DATASET CONTENT >>
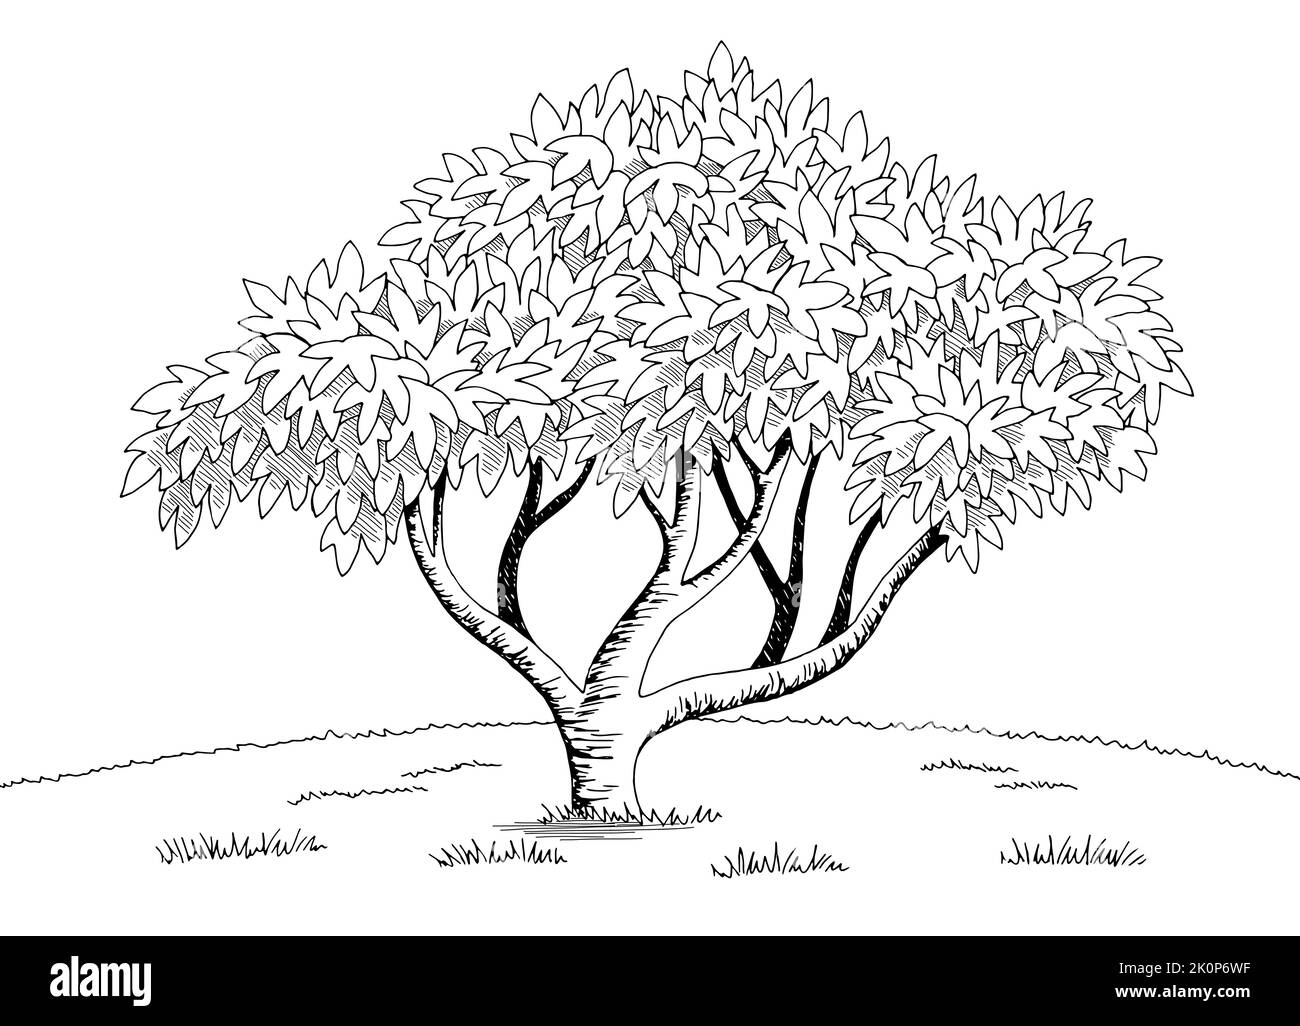 Abb. Baum Grafik schwarz weiß Landschaft Skizze Illustration Vektor Stock Vektor
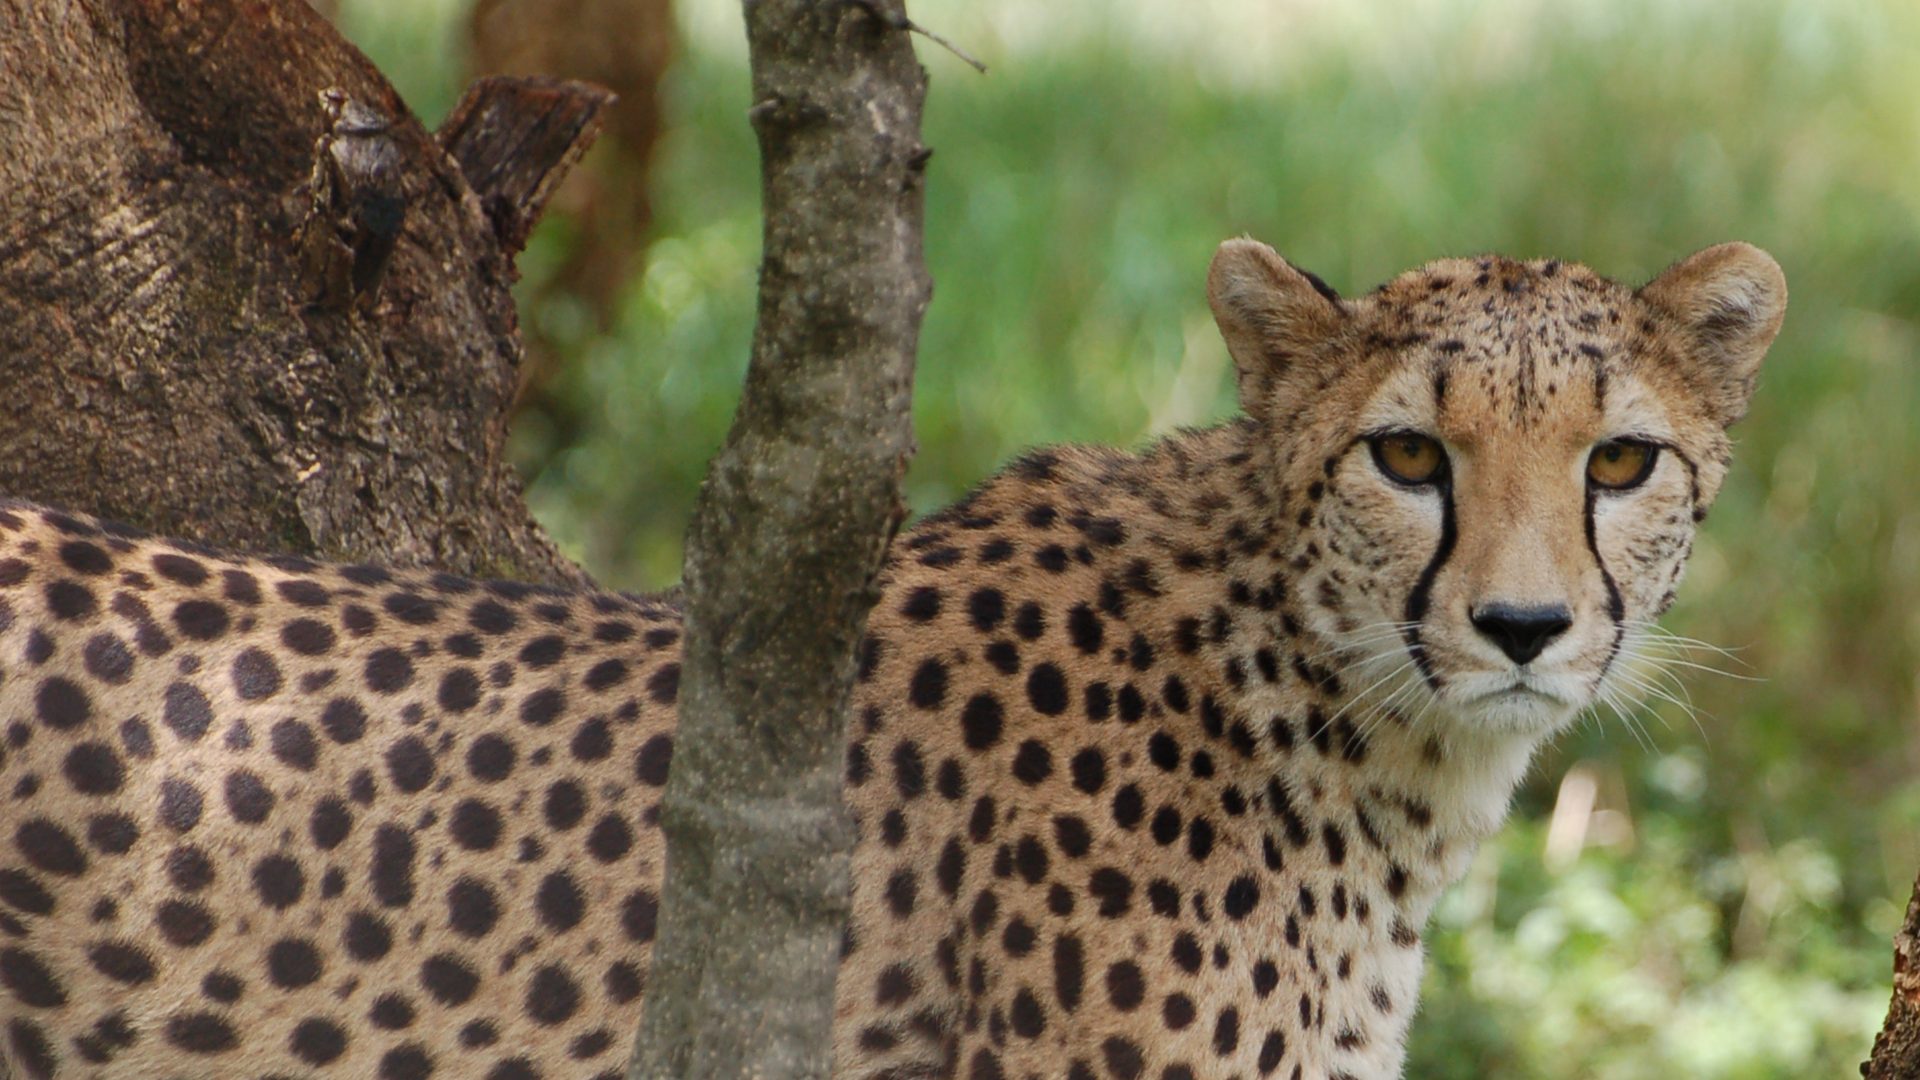 A photo of an adult cheetah peeking through the undergrowth
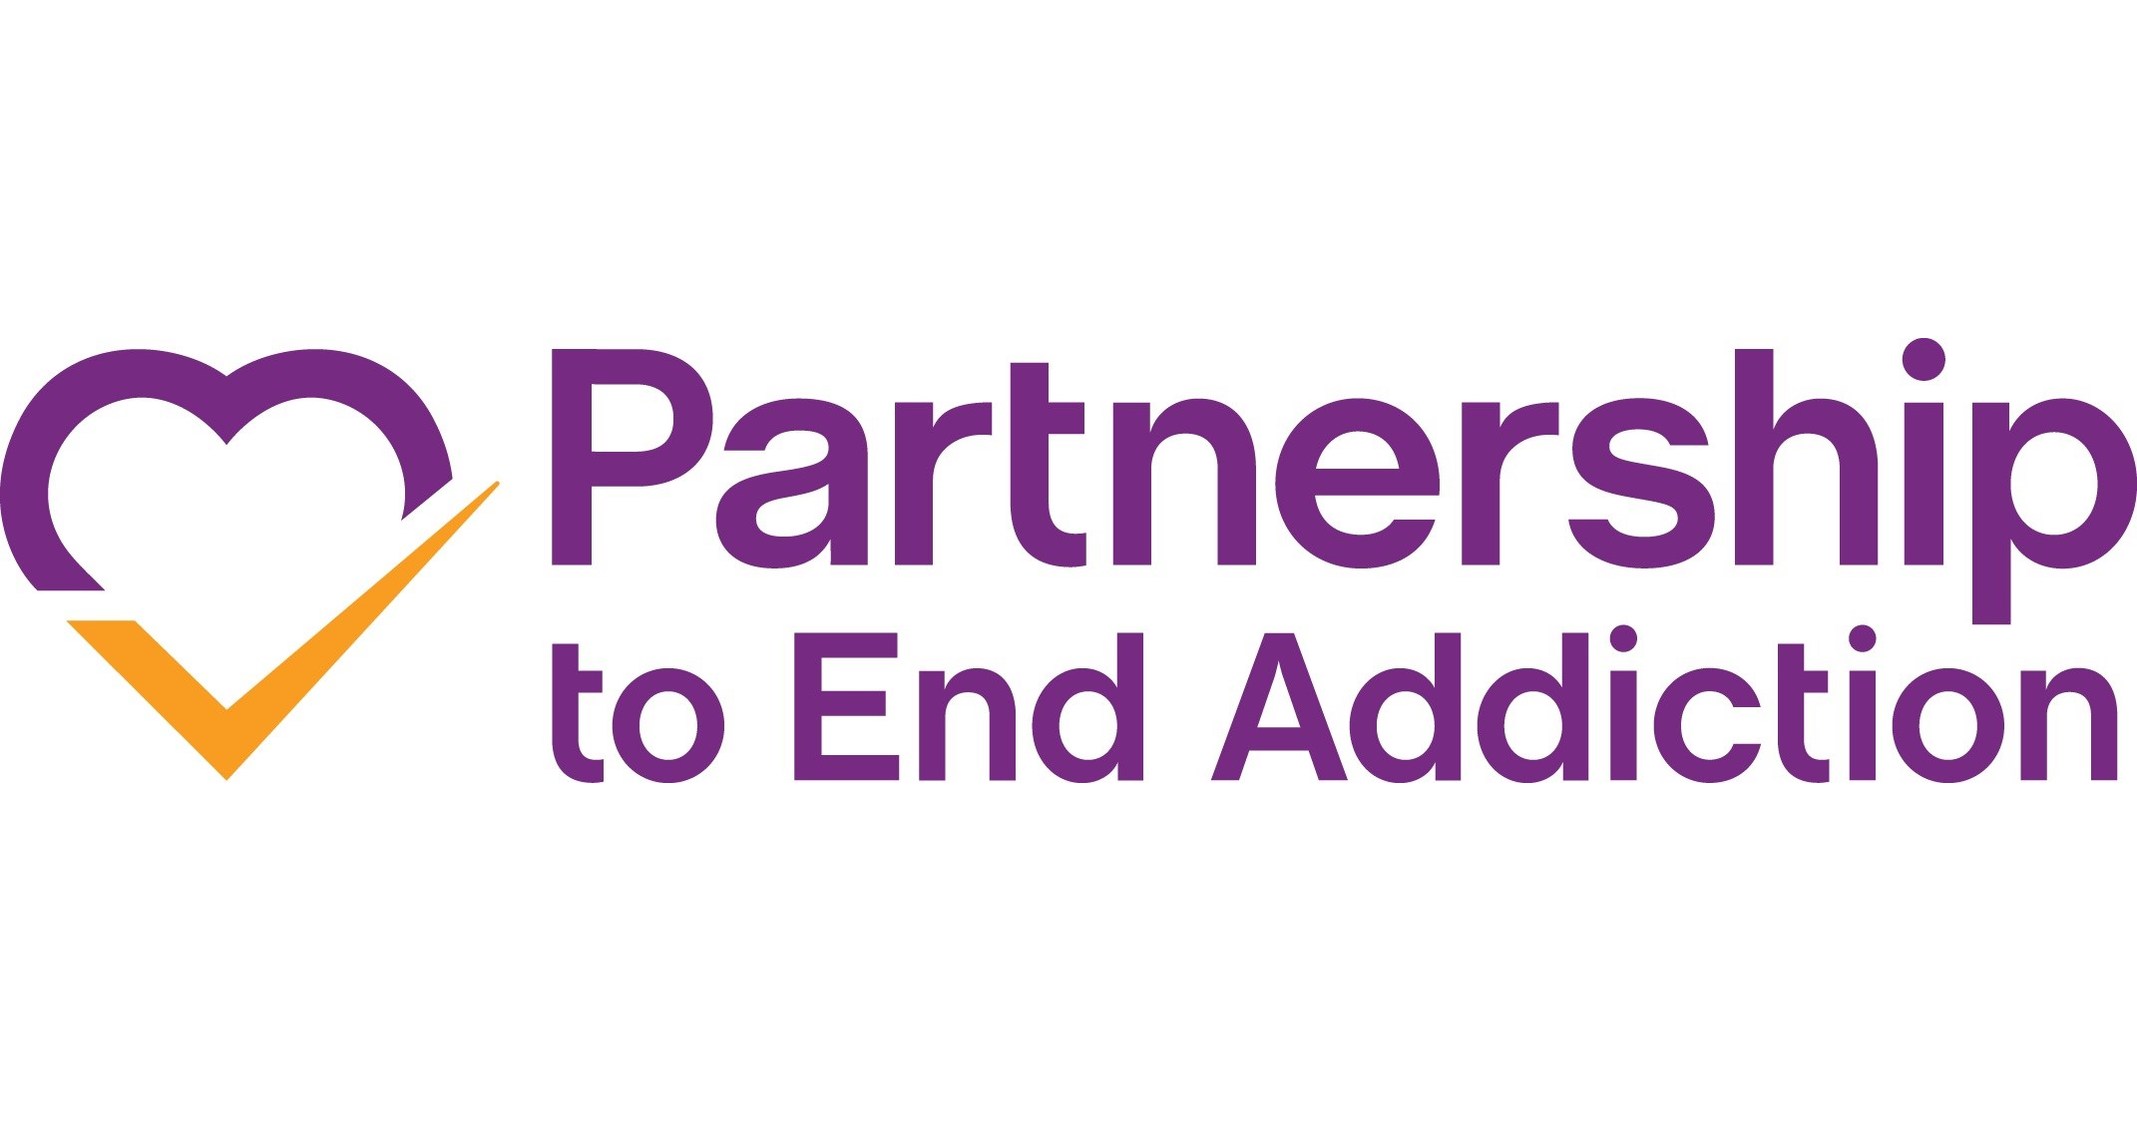 Partnership to End Addiction Logo

PROBLEM TO SOLVE >> Strip out the pictures and reproduce the remaining material above exactly.

ANSWER SECTION >>
 Abb. Baum Grafik schwarz weiß Landschaft Skizze Illustration Vektor Stock Vektor
 A photo of an adult cheetah peeking through the undergrowth
 Partnership to End Addiction Logo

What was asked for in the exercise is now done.